Mehr Leben im Quartier

Historische Stadtkerne erhalten, Innenstädte beleben und ein besseres soziales Umfeld für die Bewohner schaffen: Das sind Ziele, die Bund und Länder mit ihren Förderprogrammen verfolgen.

Bei der Neugestaltung von Hauptmarkt und Obstmarkt in Nürnberg zeigt sich ein Konflikt, der sich offensichtlich nur schwer lösen lässt. Oberbürgermeister Dr. Ulrich Maly brachte dies im Historischen Rathaussaal bei der öffentlichen Präsentation der Preisträger des städtebaulichen Wettbewerbs folgendermaßen auf den Punkt: „Der Hauptmarkt gehört irgendwie allen Nürnbergern, die andere Interessen haben, als die direkten Anwohner.“ Darüber hinaus wiederholen seit Jahren interessierte Bürger, Eigentümer, Einzelhändler, Unternehmer und Verbandsvertreter ihre oft widerstreitenden Standpunkte.

Manche wollen eine Begrünung auf dem Hauptmarkt, andere einen Radweg über den Platz, Barrierefreiheit für Rollstuhlfahrer oder Orientierungslinien für Sehbehinderte. Andere bringen Ideen für die Gestaltung des Taxi-Standes ein, der von seinem Stammplatz vor dem Schönen Brunnen verlegt werden soll. Seit zwei Jahren geht die Stadt offensiv in den Bürgerdialog, um möglichst frühzeitig den Widerständen zu begegnen.

Bürgerproteste für mehr Dialog

Die Aktionen der „Wutbürger“ gegen das Projekt „Stuttgart 21“, aber auch der Nürnberger Protest in den 1990er Jahren gegen die Architektur für den Augustinerhof sorgt für einen offenen Kurs der Politik.
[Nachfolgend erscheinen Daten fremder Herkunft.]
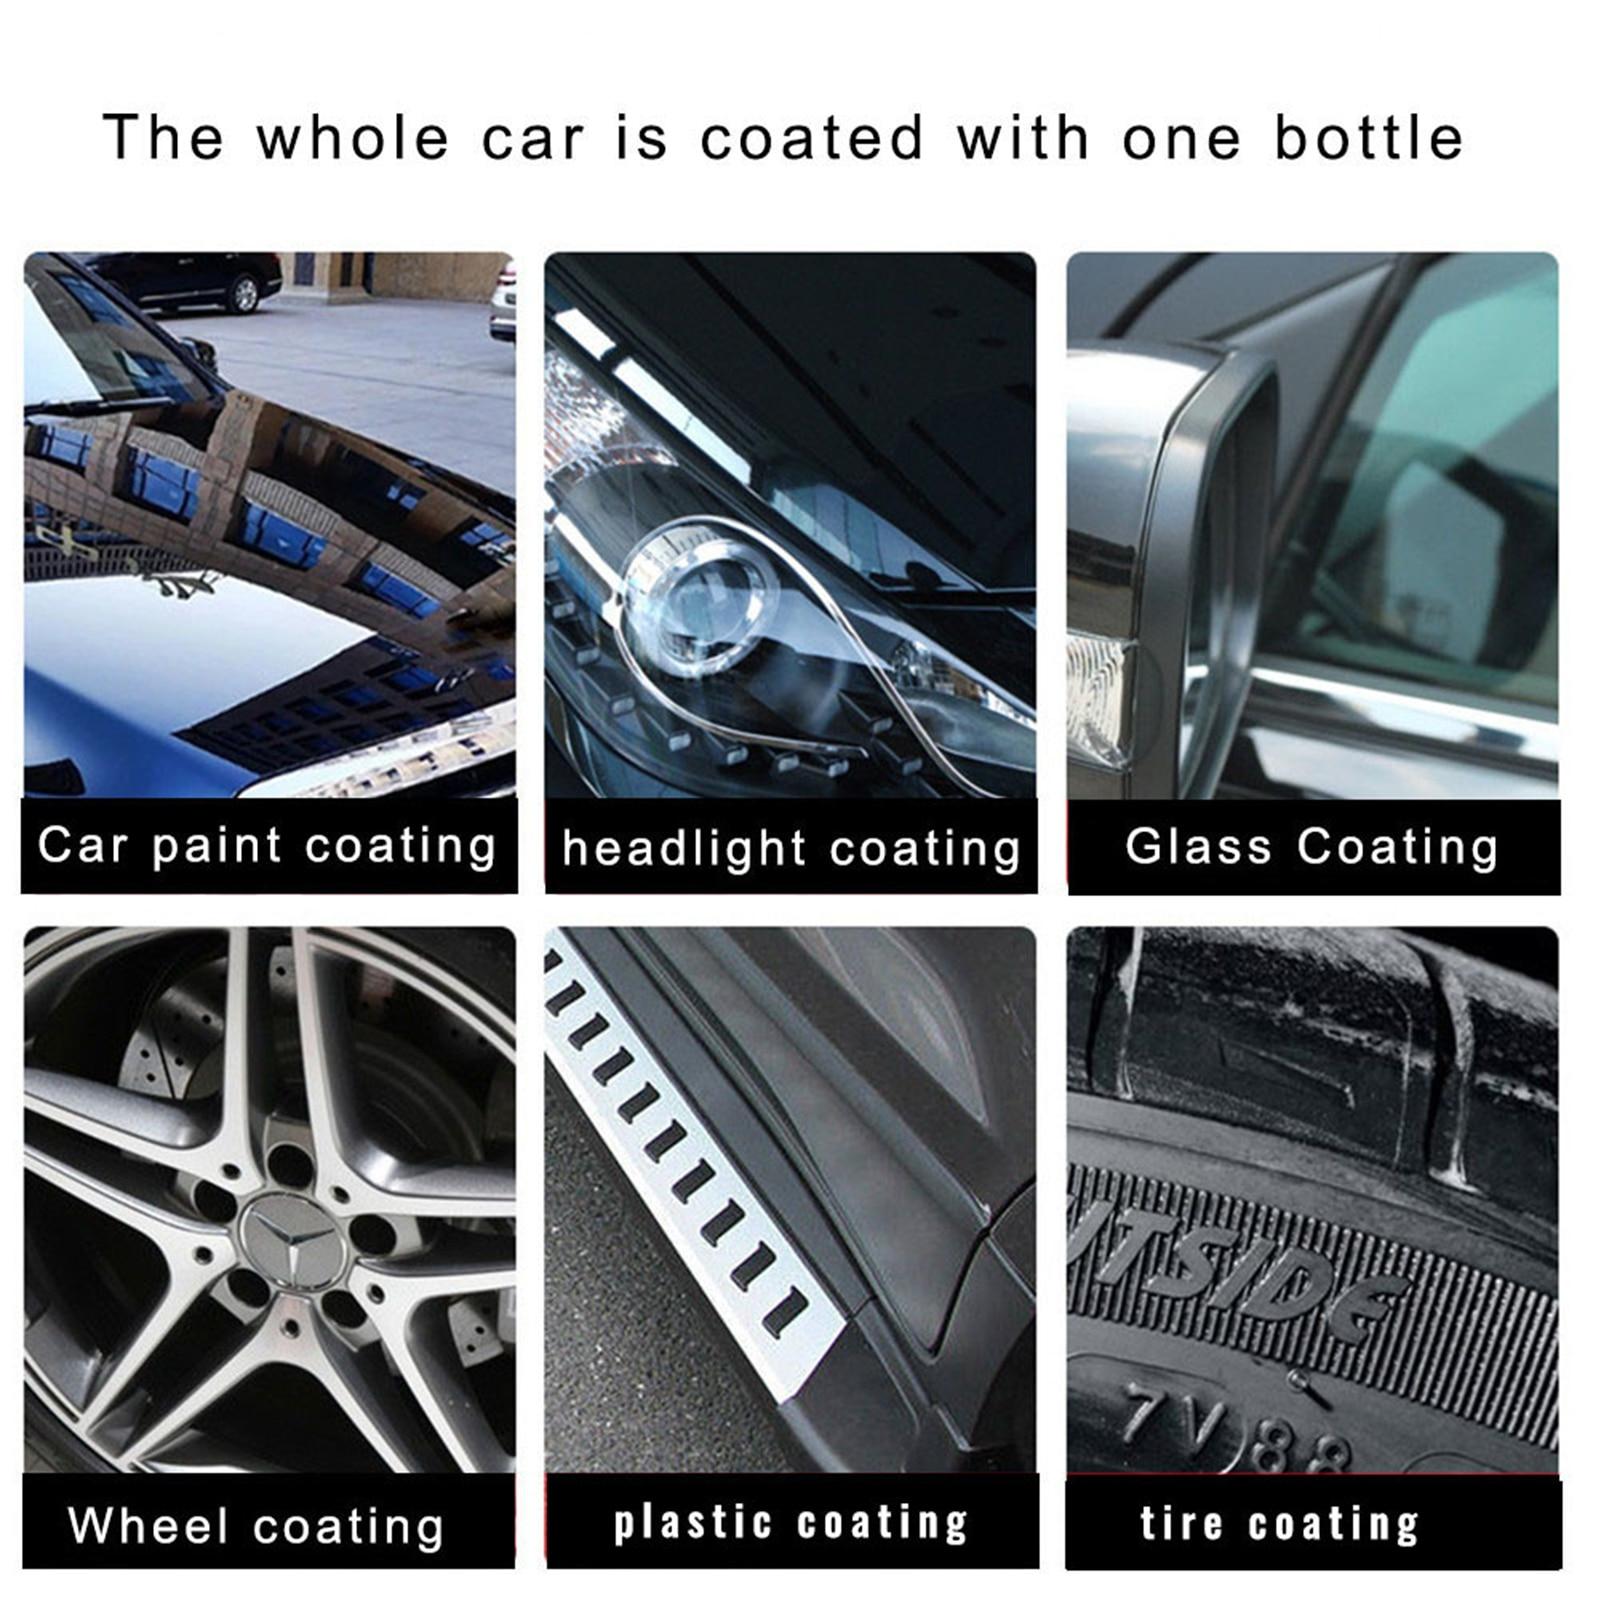 500ml Automotive Ceramic Coating Nano Glass Plated Crystal Liquid Hydrophobic Coating Car Polish Clean spray Paint Agent enlarge

Damals war der Begriff Wutbürger zwar noch nicht erfunden, aber der Widerstand gegen den als „aufgeplatzte Bratwurst“ gebrandmarkten Entwurf des Stararchitekten Helmut Jahn war so groß, dass das Projekt schließlich kippte. Für einen kooperativen Ansatz der Stadtentwicklung wurde ein City-Management eingesetzt, das in einem Bürgerbüro kontinuierlich Rede und Antwort steht.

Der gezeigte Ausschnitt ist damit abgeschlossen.